COLUMBUS, Ohio (AP) - The American Civil Liberties Union and other groups filed a federal lawsuit Thursday against Ohio’s elections chief over limits to when voters can cast an early ballot in the perennial battleground state.
Ohioans can vote early by casting an absentee ballot by mail or in person before Election Day without giving any reason. About 33 percent of those who voted in the 2012 presidential election cast absentee ballots.
The lawsuit filed in Columbus federal court claims that recent cuts to when early voting can take place will make it difficult for tens of thousands of residents to vote and will unfairly affect black voters, who the groups say are more likely to use weekend and evening hours to vote early in elections.
Freda Levenson, managing attorney for the ACLU of Ohio, told reporters at a news conference that voting should be designed for the convenience of voters and not a strategy piece for politicians.
“The cuts that we’re challenging in this lawsuit eliminated hours that were disproportionately used by lower-income voters, by African American voters, by single parents, by working voters,” Levenson said. “So these were not across-the-board cuts. These were cuts that had disproportionate impact on certain classes of voters.”

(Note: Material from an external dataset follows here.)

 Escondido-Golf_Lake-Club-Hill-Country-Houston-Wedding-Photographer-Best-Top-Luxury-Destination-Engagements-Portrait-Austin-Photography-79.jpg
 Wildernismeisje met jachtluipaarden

Secretary of State Jon Husted and his fellow Republicans who dominate the Legislature have stressed that residents still have plenty of time to vote. They argue the changes help achieve fairness and consistency across the state’s 88 counties and benefit boards of elections.
Local boards of elections previously set early voting hours, creating a patchwork of times across the state. Without a directive from Husted, they would be free to set their own hours.

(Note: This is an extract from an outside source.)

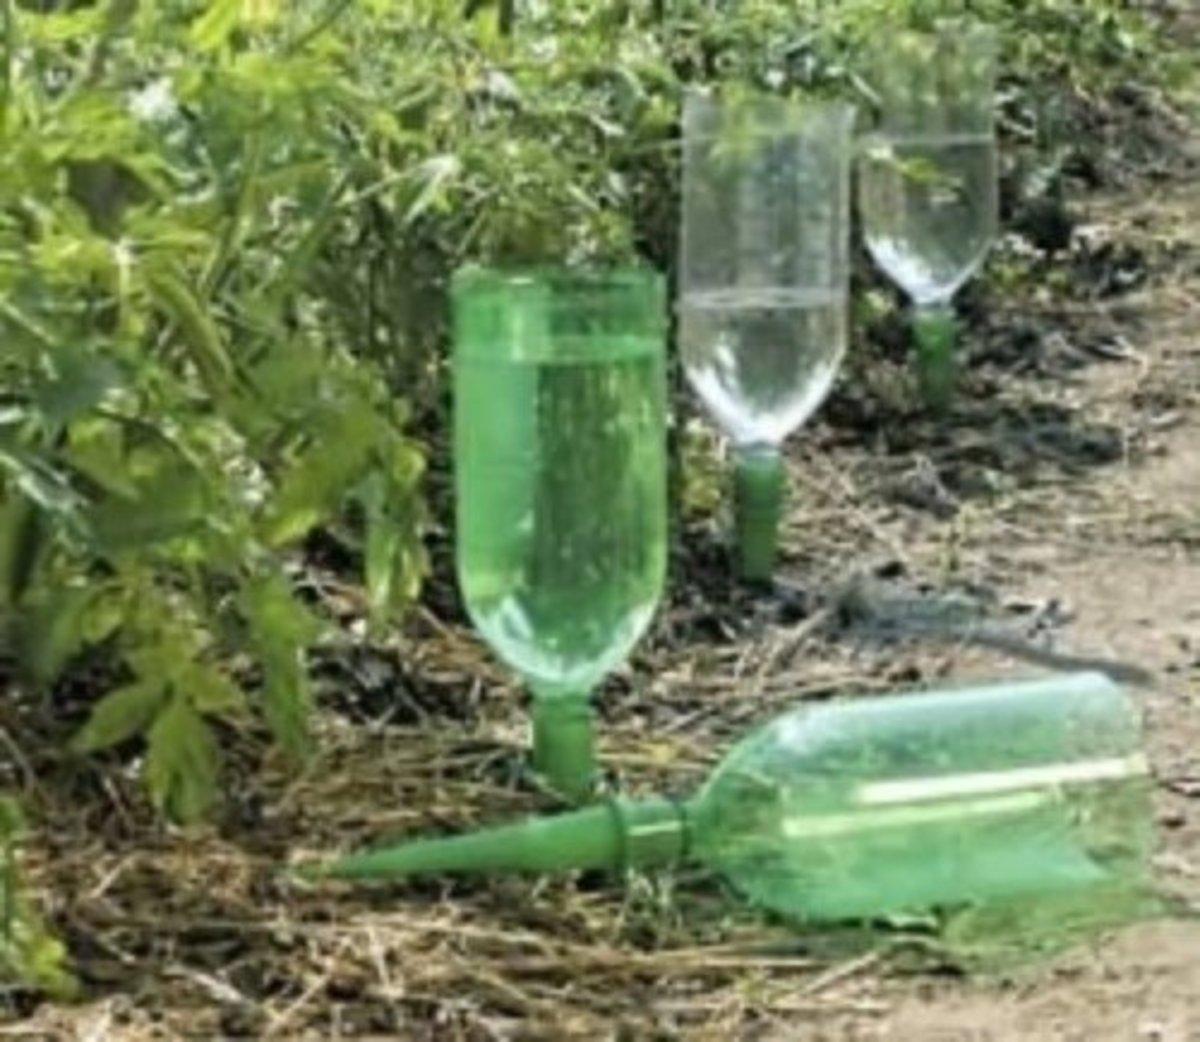 reuseplasticbottles

Husted spokesman Matt McClellan said voting in Ohio is easy, and opponents should instead sue states with no early voting hours.

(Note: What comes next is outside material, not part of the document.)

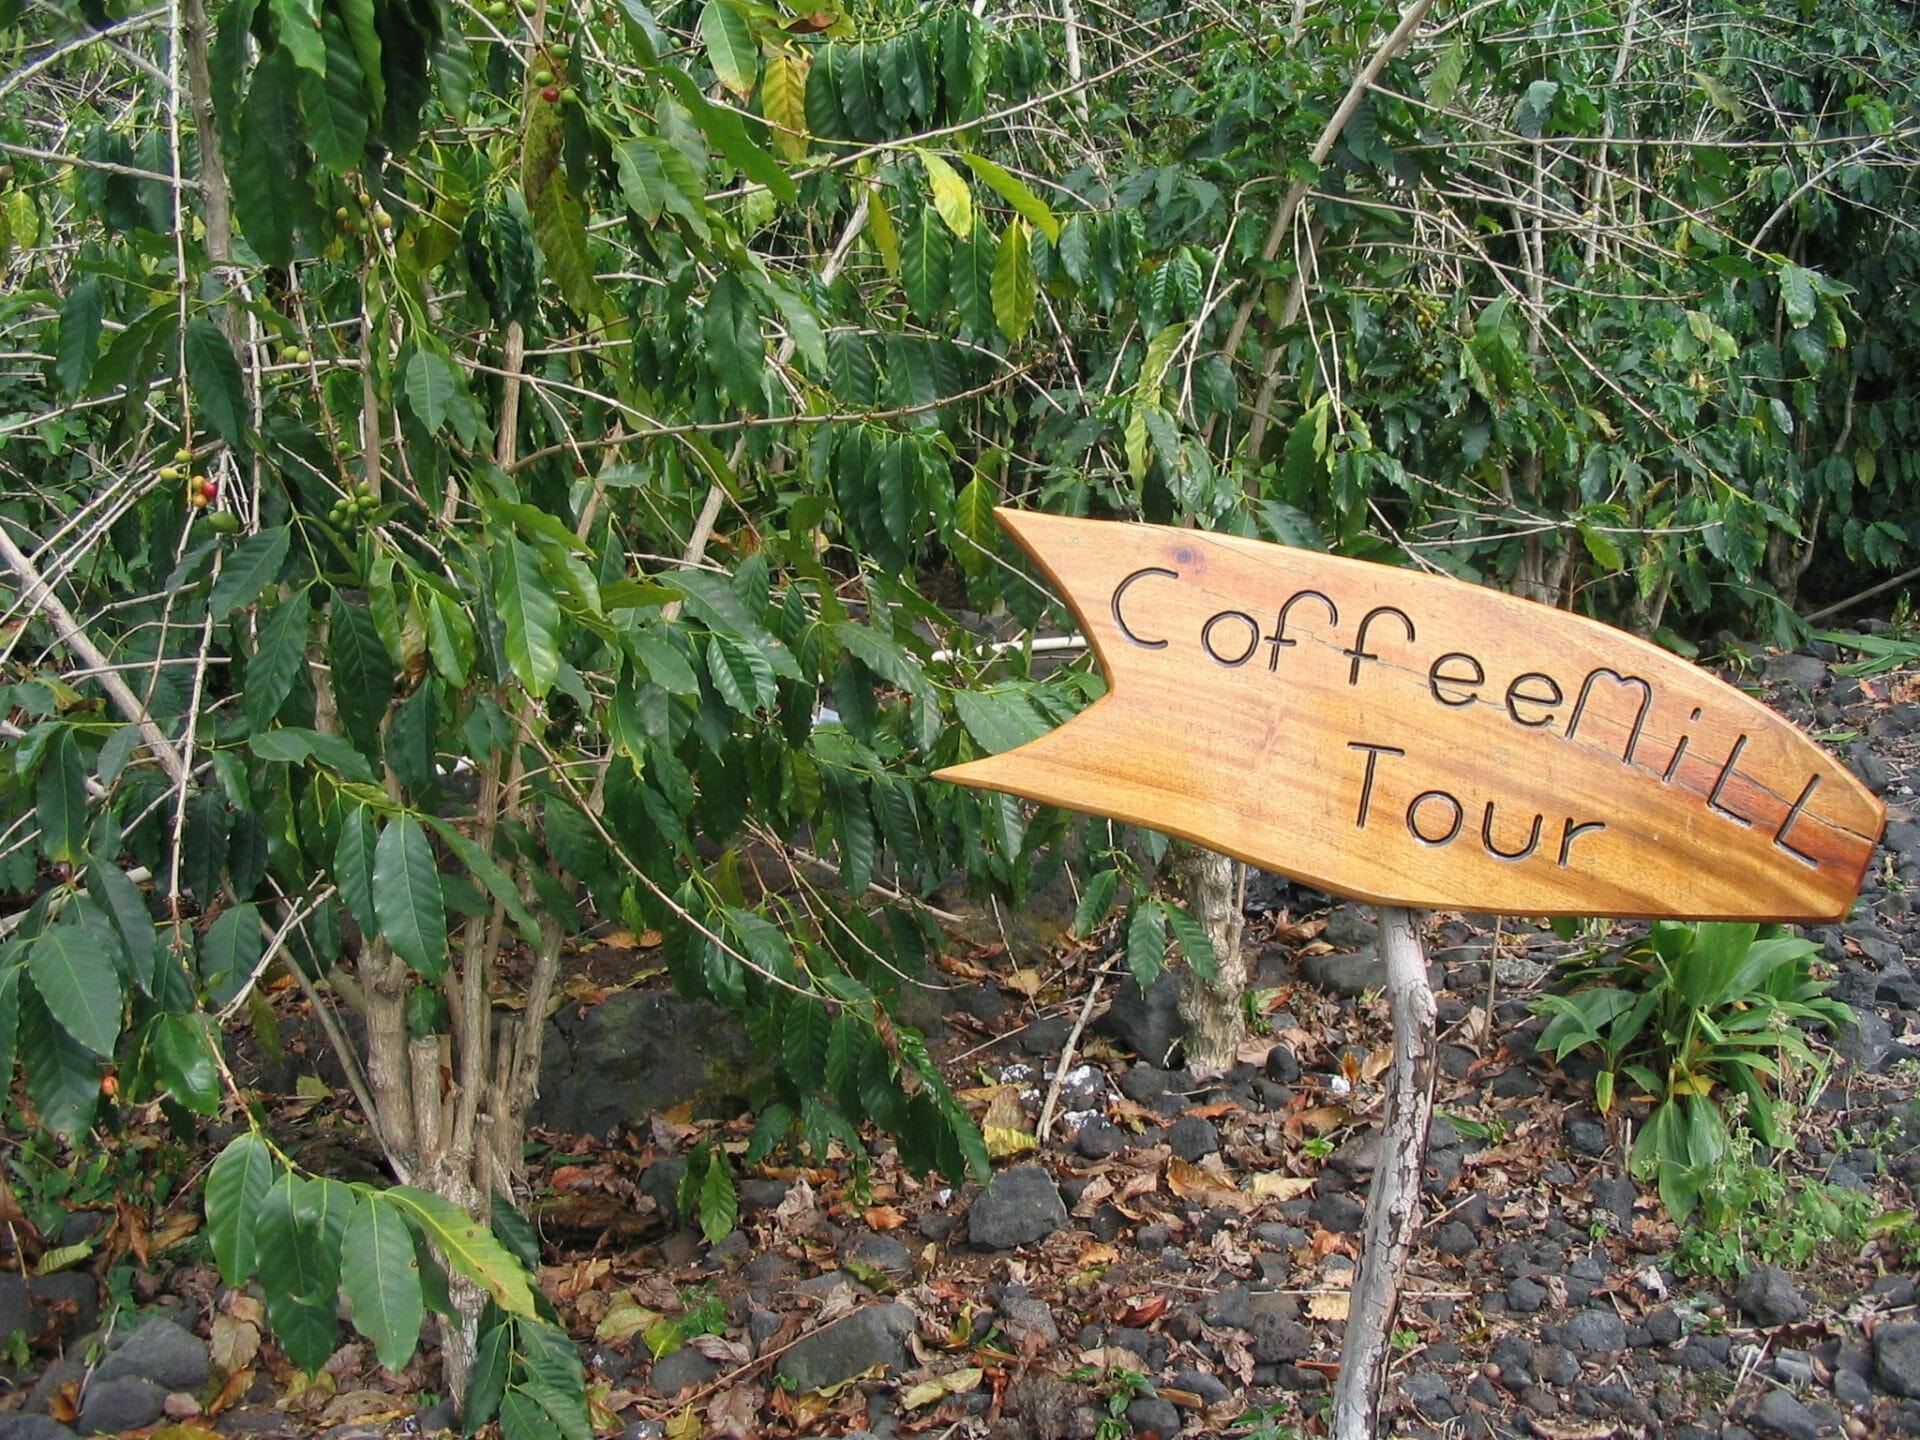 Ah, Big Island coffee! Yum...and a tour...

“It’s ironic that Secretary Husted is being sued for treating all voters equally and for supporting a bipartisan voting schedule that gives Ohioans an entire month to cast ballots,” McClellan said in a written statement.
The fall early voting schedule set by Husted includes two Saturdays, but no Sundays or evening hours.
Several predominantly black churches and the Ohio chapters of the League of Women Voters and the NAACP have joined the ACLU in its lawsuit challenging Husted’s directive on early voting hours.
The churches in the lawsuit have offered their parishioners a ride to the polls on the Sunday before Election Day. They contend that such “Souls to the Polls” programs have special meaning within their communities and are being destroyed by the new voting schedule.
Husted has defended the hours as a bipartisan solution, because they were proposed by an association of Republican and Democratic county elections officials. He has pressed state lawmakers for the past three years to put the hours and days for early voting into law, but the Legislature has not adopted any plan.
The groups also want to overturn a Republican-backed law that eliminated the so-called golden week, a period when residents could both register to vote and cast an early ballot at the same time. Without those days, early voting typically starts 29 days before Election Day.
Sean Young, an ACLU attorney, said should the groups prevail, voters would have a 35-day window to vote early and county election boards could set their own in-person, early voting hours.